November 30, 2010 * Psalms 94, 61, 112




Psalm 94

Psalm 94 is often classified as a psalm of lament. Verses 1-7 call on God for vengeance. Verses 8-15 are addressed to foolish people. Verses 12-15 are addressed to righteous people. Verses 16-23 are addressed to God and assert the psalmist trust in the Lord. The psalmist clearly recognizes the evil in the world but still he remains firm in his belief that God is still the ruler yet.


As you watch the news and hear about the troubles of the world are you confident as is the psalmist that God is still in charge?



Psalm 61

Psalm 61 is a cry for help. It contains three petitions (verses 1-2, 4, and 6-7) that are followed by three affirmations of trust or promise of praise (verses 3, 5, and 8). The structure of these petitions and affirmations and promises suggest that they are not sequential but concurrent. References to God as “rock” and “refuge” show God as a source of enduring protection. The psalm shows the psalmist as affirming and trusting in God even though the circumstances the psalmist finds himself in appear to deny the sovereignty of God. This parallels the teaching of Christ about the Kingdom of God being one that we enter into immediately and one that we wait upon. Christians are both a “people of the cross and people of the resurrection.” (J. Clinton McCann, Jr.)

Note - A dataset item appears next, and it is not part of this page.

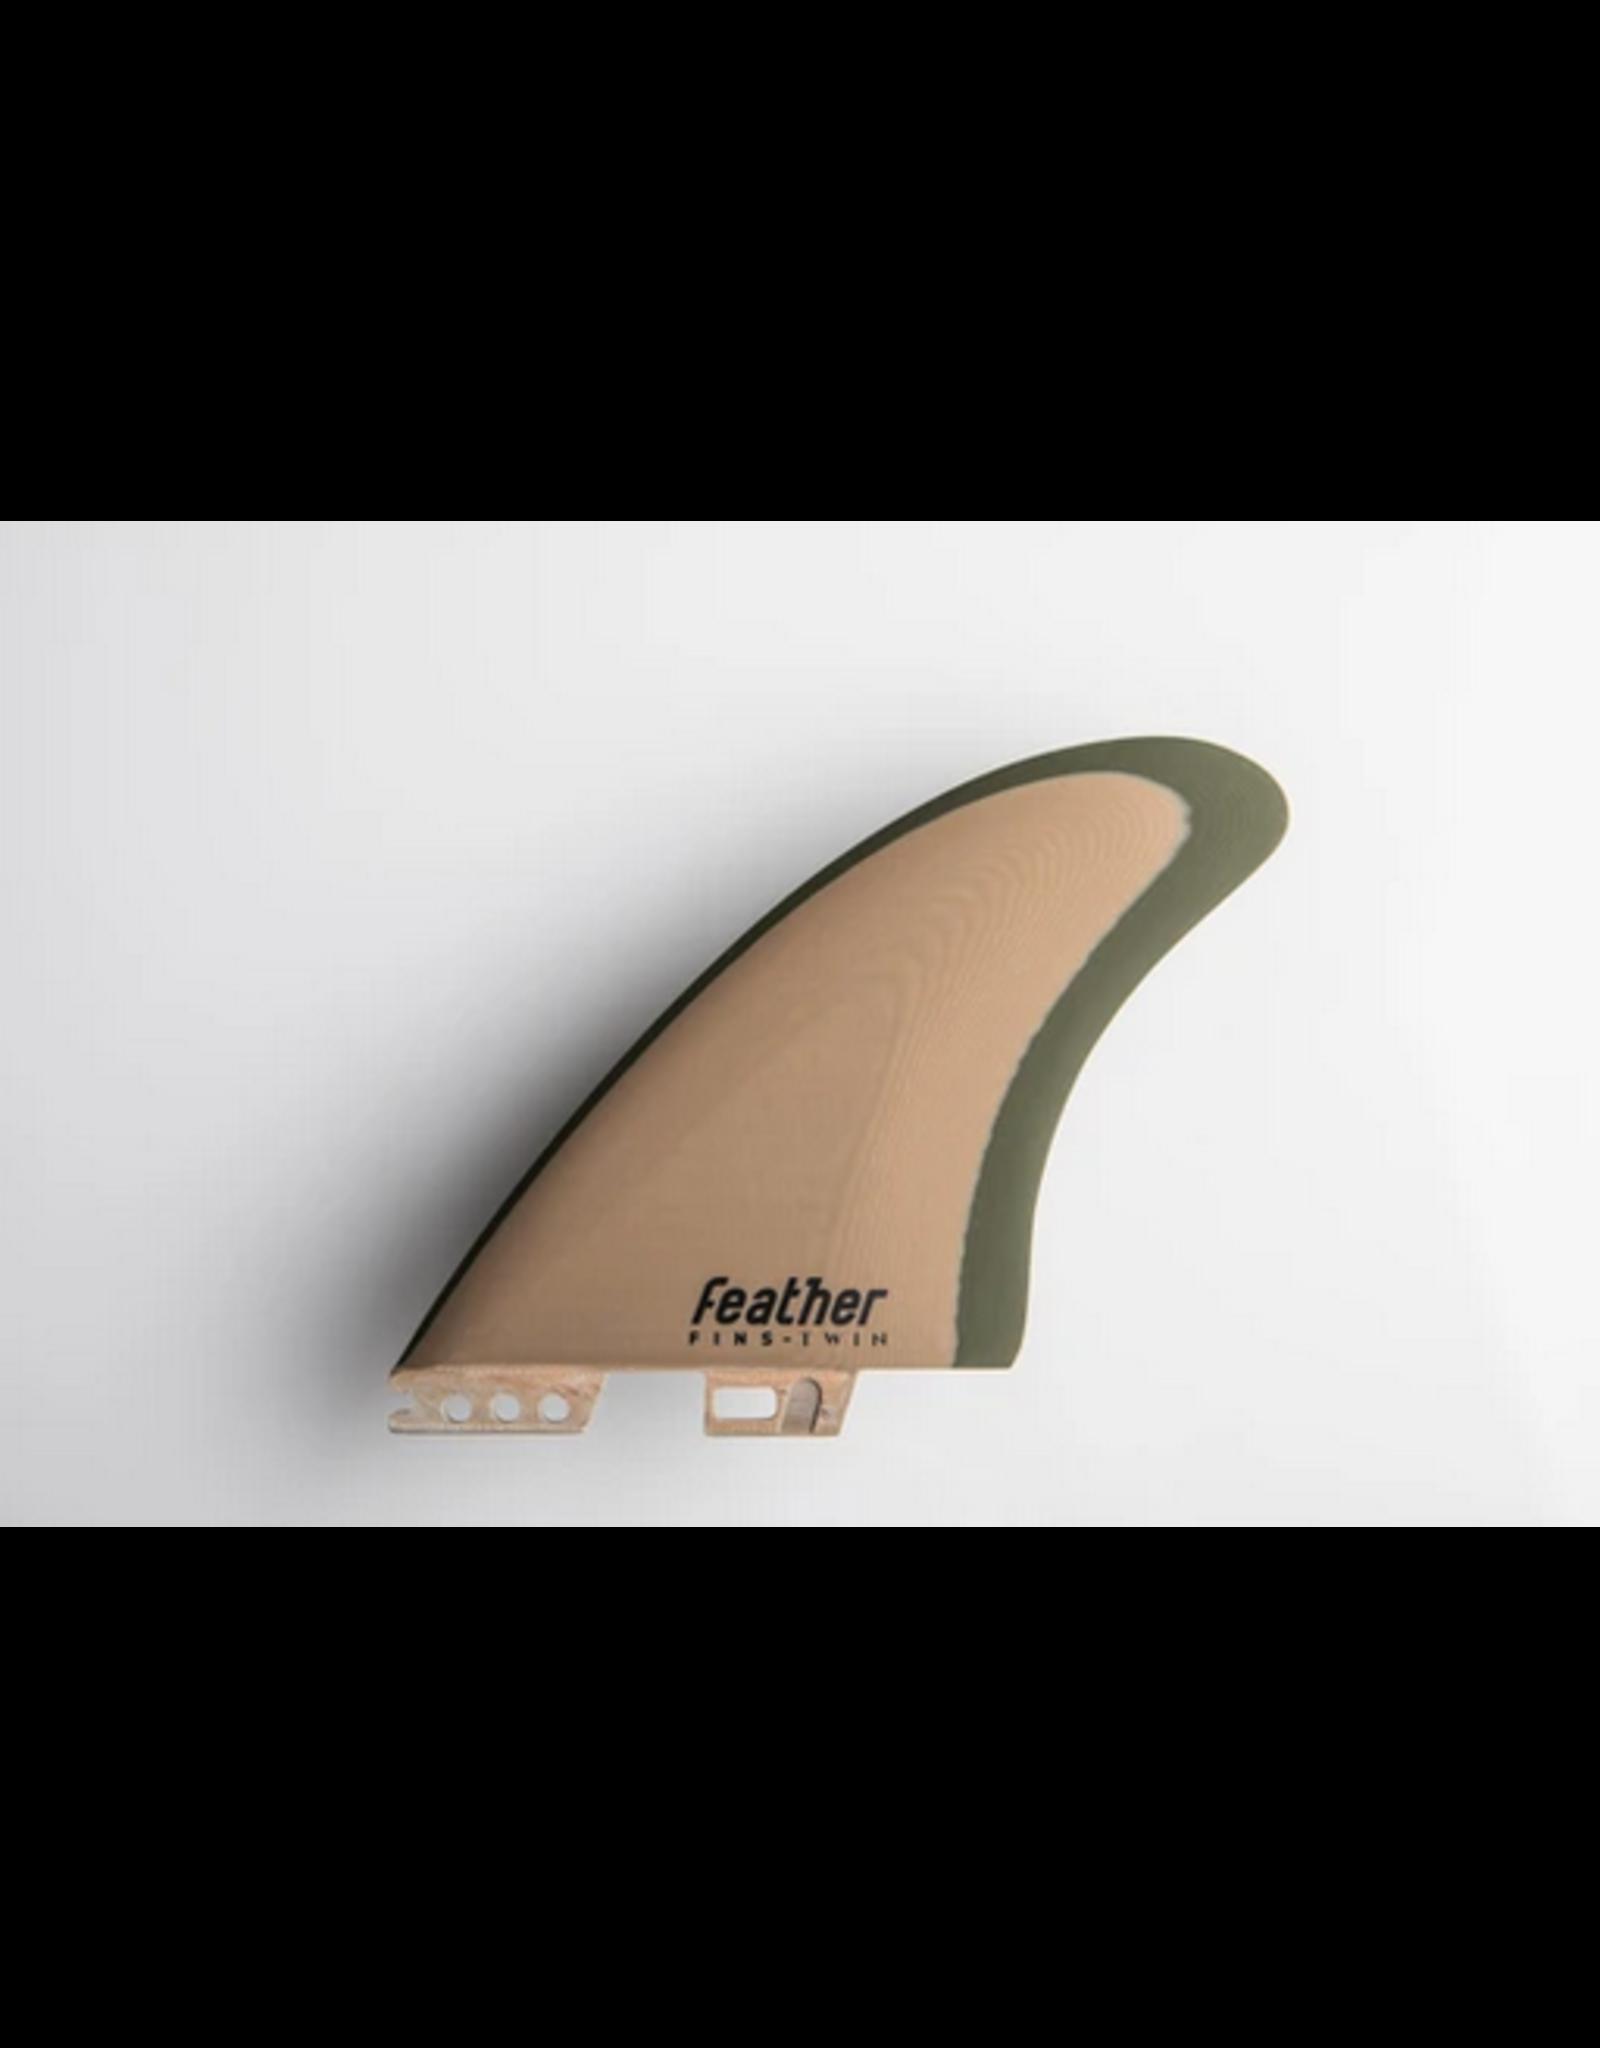 Feather Fins Feather Fins Modern Keel Twin Click Tab FSCII Green Forest

What does it mean to you in your everyday life to be both a “people of the cross and people of the resurrection”?



Psalm 112

Psalm 112 is another acrostic poem (as is Psalm 111). It is shares many other similarities with Psalm 111; an acrostic poem, begin with the same phrase (Praise the Lord), and descriptions of both God and those who fear the Lord (their “righteousness endures forever”). This psalm reminds us that faithfulness to God does not insure worldly success and security. True happiness and security are found in being transformed by God’s will and characterized by the fear of the Lord, graciousness, mercy, righteousness, generosity, just, fearlessness in the face of evil, secure and unafraid, and benevolent.


How many of these adjectives describe you?